Co-Scheduling on Fused CPU-GPU Architectures With Shared Last Level Caches

机译：融合CPU和GPU架构与共享末级缓存的协同调度

获取原文

获取原文并翻译 | 示例

开具论文收录证明 >>

页面导航

摘要
著录项
引文网络
相似文献
相关主题

摘要

Fused CPU-GPU architectures integrate a CPU and general-purpose GPU on a single die. Recent fused architectures even share the last level cache (LLC) between CPU and GPU. This enables hardware-supported byte-level coherency. Thus, CPU and GPU can execute computational kernels collaboratively, but novel methods to co-schedule work are required. This paper contributes three dynamic co-scheduling methods.
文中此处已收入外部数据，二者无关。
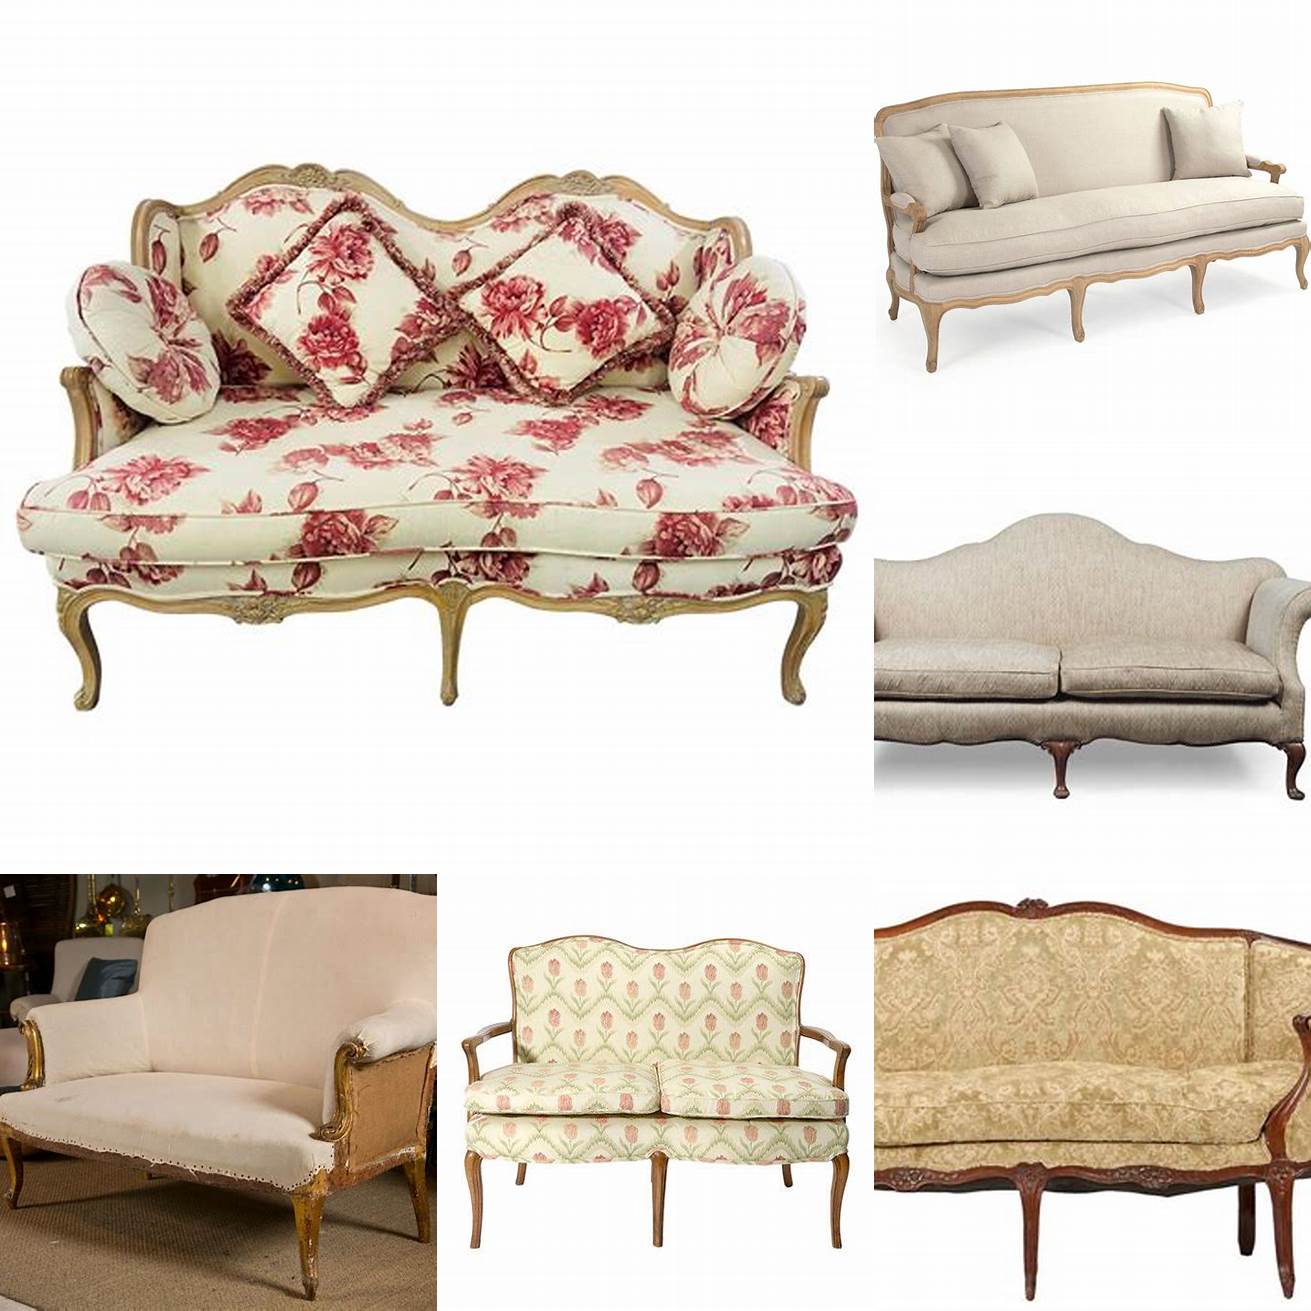 French style settee with cabriole legs and floral upholstery

Two of our methods implement workers that autonomously acquire work from a common set of independent work items (similar to bag- f-tasks scheduling). The third method, host-side profiling, uses a fraction of the total work of a kernel to determine a ratio of how to distribute work to CPU and GPU based on profiling. The resulting ratio is used for the following executions of the same kernel. Our methods are realized using OpenCL 2.0, which introduces fine-grained shared virtual memory (SVM) to allocate coherent memory between CPU and GPU. We port the Rodinia Benchmark Suite, a standard suite for heterogeneous computing, to fine-grained SVM and fused CPU-GPU architectures (Rodinia-SVM). We evaluate the overhead of fine-grained SVM and analyze the suitability of OpenCL 2.0's new features for co-scheduling. Our host-side profiling method performs competitively to the optimal choice of executing kernels either on CPU or GPU (hypothetical xor-Oracle). On average, it achieves 97% of xor-Oracle's performance and a 1.43× speedup over using the GPU alone (standard in Rodinia). We show, however, that in most cases it is not beneficial to split the work of a kernel between CPU and GPU compared to exclusively running it on the most suitable single compute device. For a fixed amount of work per device, cache-related stalls can increase by up to 1.75× when both devices are used in parallel instead of exclusively while cache misses remain the same. Thus, not the cost of cache conflicts, but inefficient cache coherence is a major performance bottleneck for current fused CPU-GPU Intel architectures with shared LLC.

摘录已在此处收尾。